The required context was, I believe, finally brought to fruition with the publication on 1 August, following the talks at Weston Park, of the two Governments' proposals on addressing the outstanding issues from the Good Friday Agreement - putting arms beyond use, normalising security arrangements on the ground in Northern Ireland, establishing a policing service that attracts and sustains cross-community support and ensuring the stability and inclusive operation of the Agreement's political institutions. Yesterday's developments provides the catalyst which allows us to fully deliver on all of those outstanding dimensions to the Agreement.
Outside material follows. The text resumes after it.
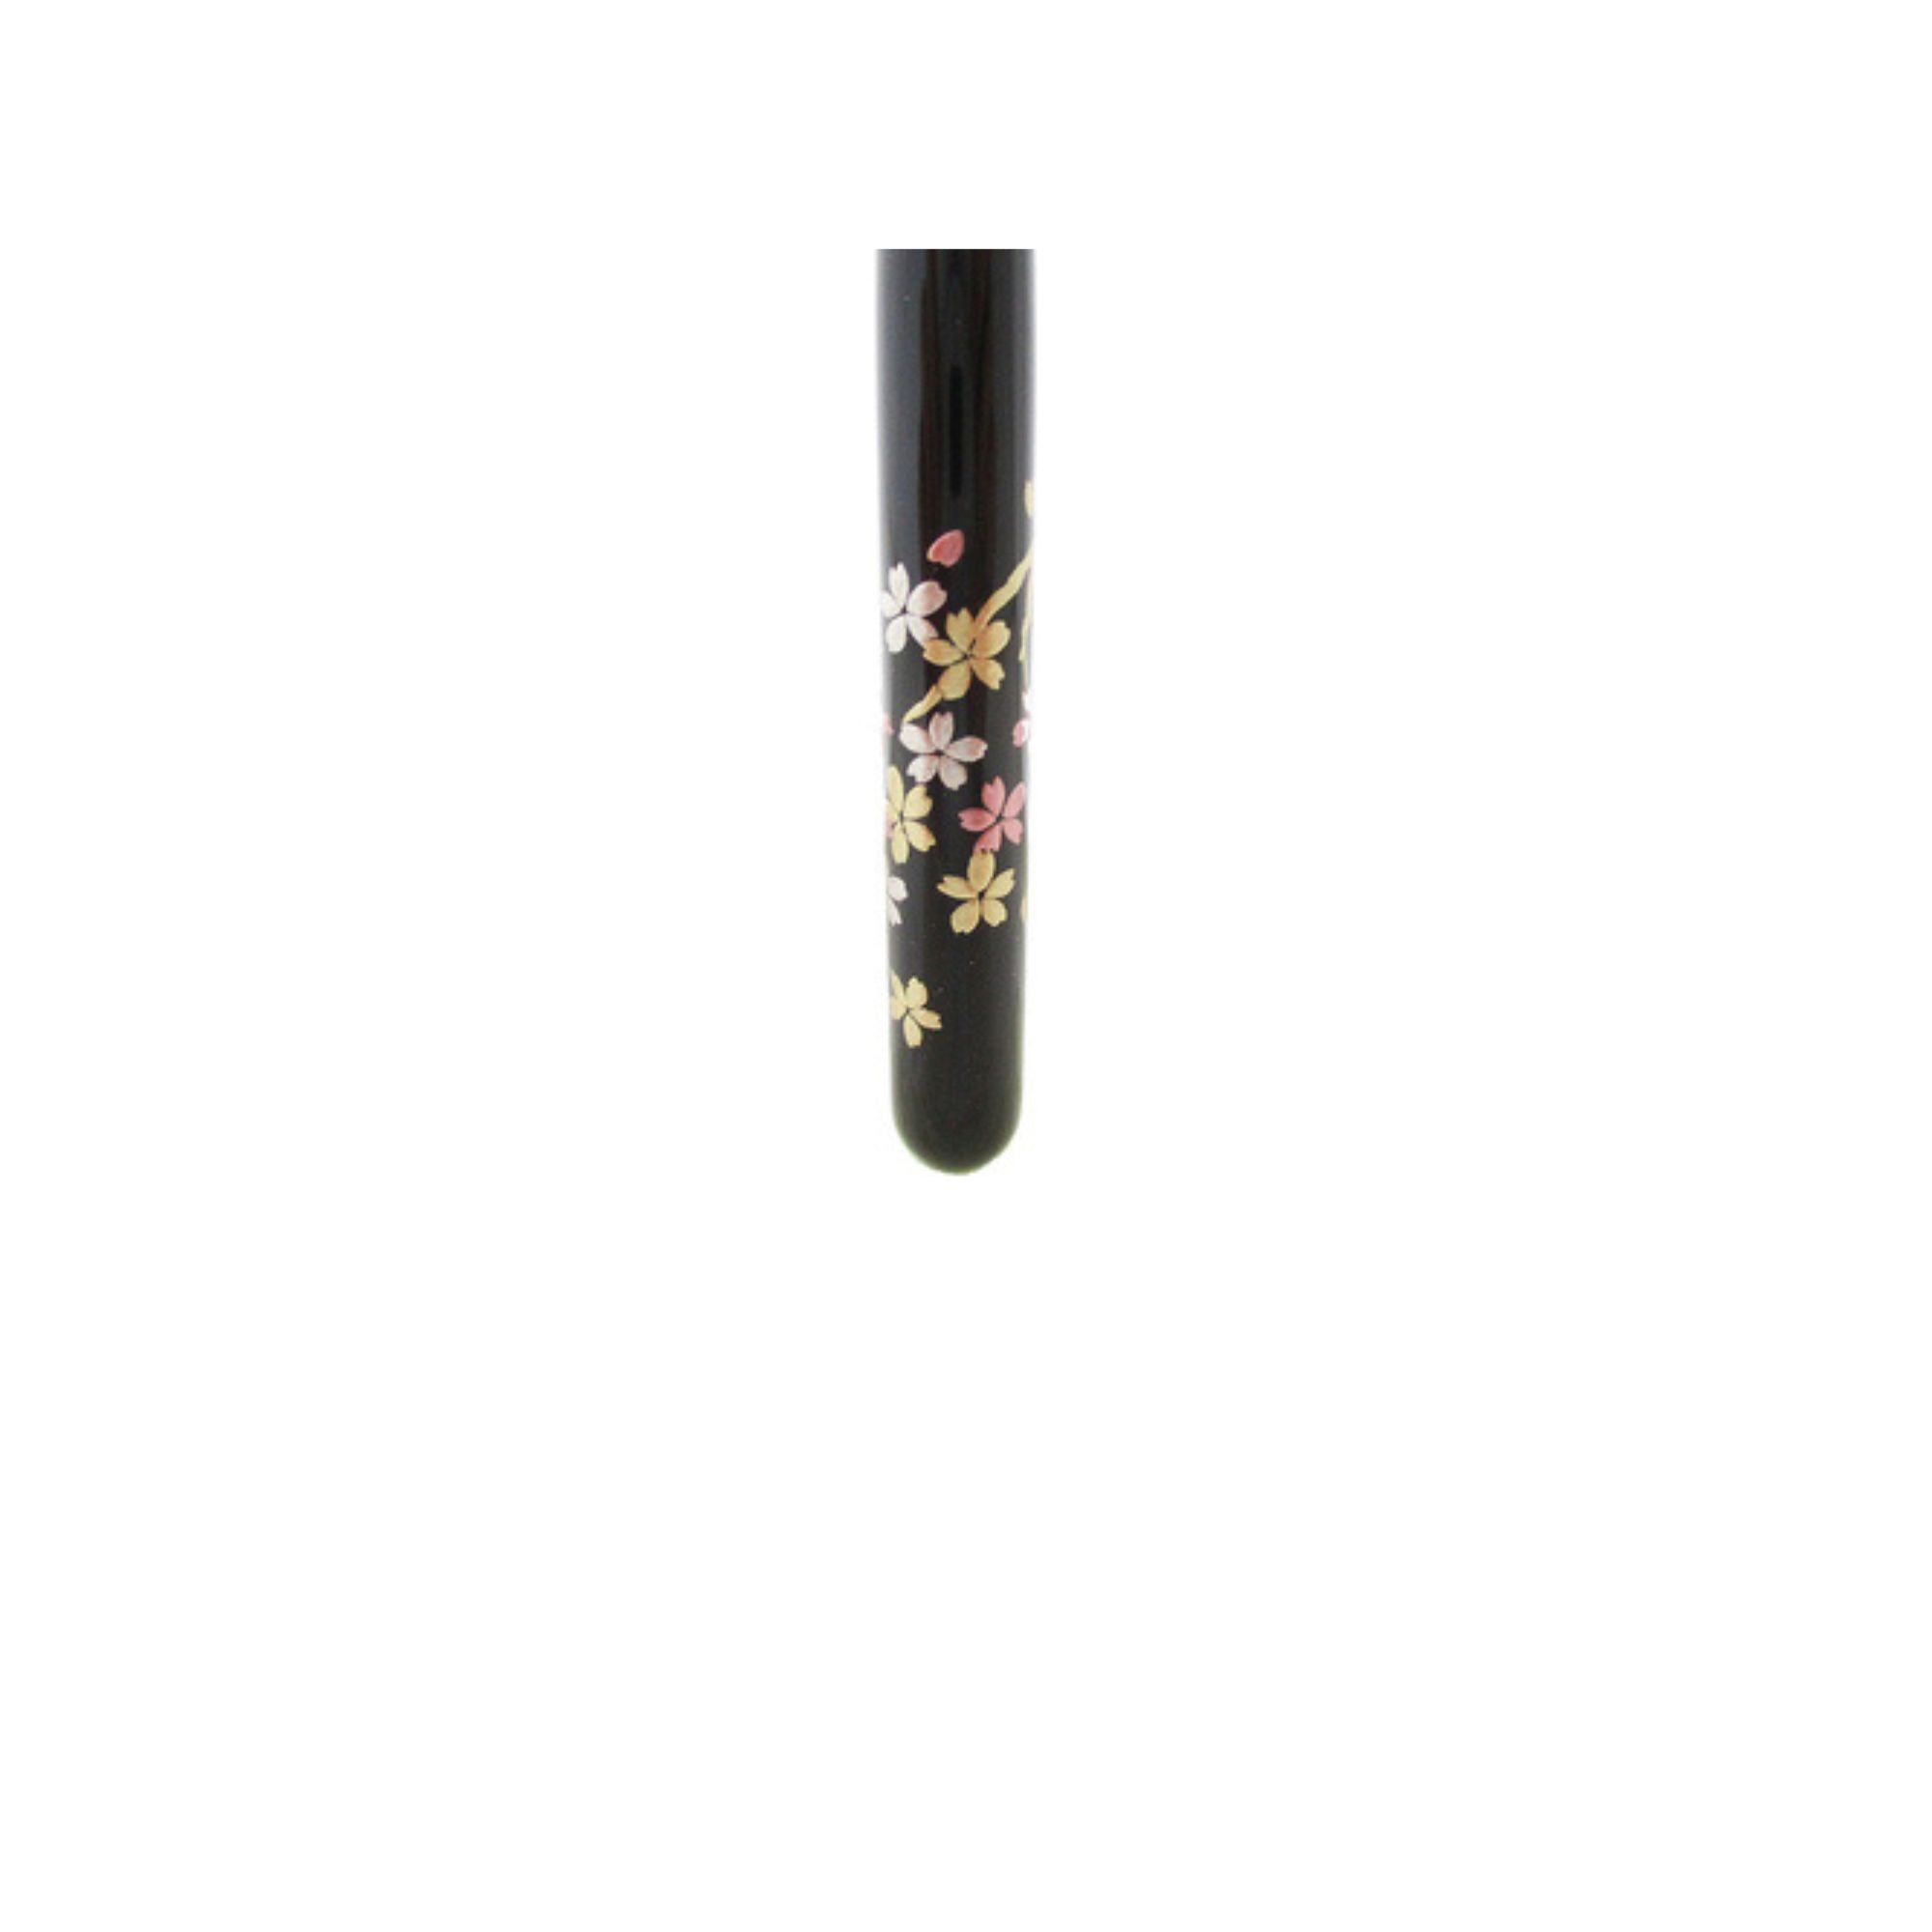 Eihodo Makie Blending Brush Sakura 小桜 – Red, Black Handles (Limited) - Fude Beauty, Japanese Makeup Brushes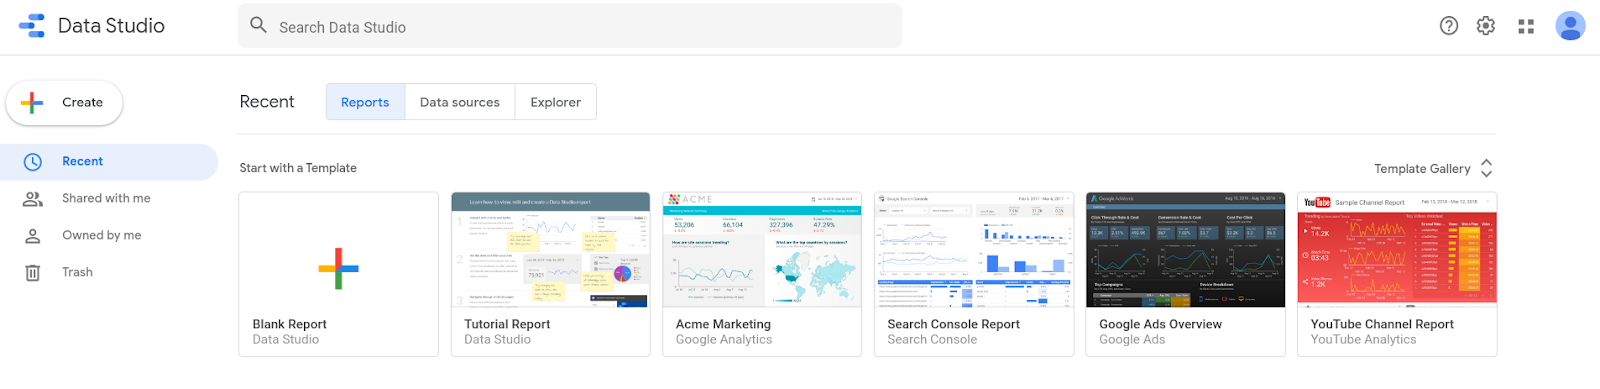 google ads to google data studio - data studio interface

Ceann Comhairle, as I have indicated the events of yesterday would not have been possible without militant republicanism acquiring the vision and the generosity to stretch itself for the public good, without the creation of a political context which enabled that shift and without the various political leaders on these islands who repeatedly took risks. Neither would it have been possible without the professionalism, integrity and endurance of General John de Chastelain and his colleagues on the Independent International Commission on Decommissioning. The international community has been an immense resource to the peace process over the last decade. In the IICD, we have been able to draw on the best and the brightest from Canada, the US and Finland to break the impasse on the most difficult issue in the process.